Pero con sus suelos de madera bruñida, sus altos ventanales que daban a las montañas y su pared de espejos para reflejar la vista panorámica, aquel «establo» no se usaba para albergar animales. Provisto de calefacción y aire acondicionado, con una cocina completa unida a la habitación principal, del tamaño de un salón de baile, no era un establo corriente. Hasta las vigas rústicas del techo tenían un aire elegante. Los anteriores propietarios usaban aquel lugar como estudio de danza y gimnasio.

Crash abrió las puertas.

—Ha dicho que Jake y ella van a quedarse en un hotel de la estación de esquí y que seguramente no volverán hasta mañana por la tarde, casi de noche.

Crash y ella estarían solos en casa esa noche. Nell se alejó, temiendo que él adivinara lo que estaba pensando. Aunque poco importaba. Seguramente ya lo sabía. Tenía que ser consciente de lo que quería. Ella no había sido muy sutil al respecto durante las semanas anteriores. Pero él no quería lo mismo.

Amigos, se recordó. Crash quería que fueran amigos. Ser amigos era lo menos arriesgado, y a él ninguna emoción podía afectarlo (Dios no lo quisiera).

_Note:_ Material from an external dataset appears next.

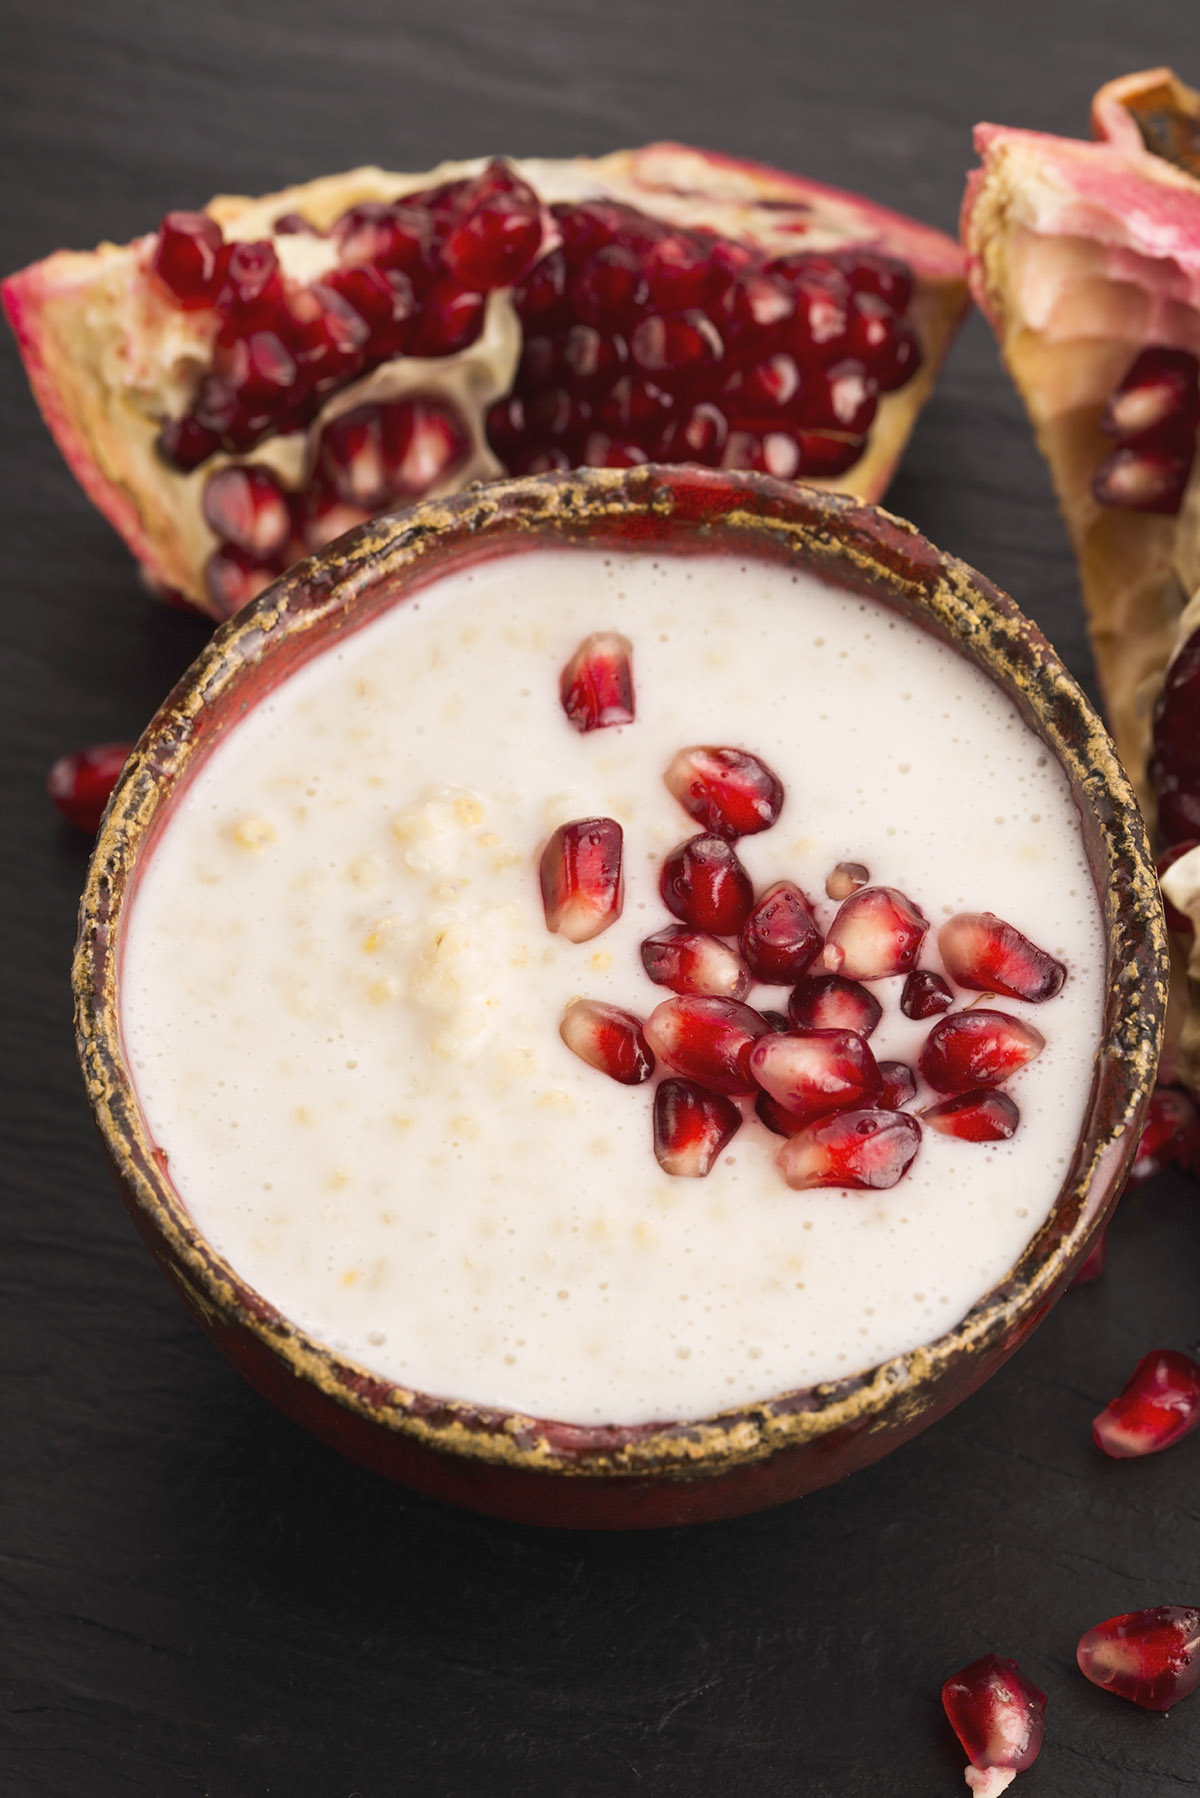 Creamy Coconut Pudding with Pomegranate Arils

Crash se apartó y tiró suavemente de Nell mientras tres operarios metían uno de los abetos en el edificio.

Nell se desasió, pero no porque no quisiera que la tocara. Al contrario. Le gustaba demasiado sentir su mano sobre el brazo. Pero temía que, si se quedaba allí, a su lado, no tardaría en recostarse en él.

Y no era eso lo que hacían los amigos.

Los amigos guardaban las distancias.

Y no hacía falta ponerse en evidencia delante de Hawken dos días seguidos.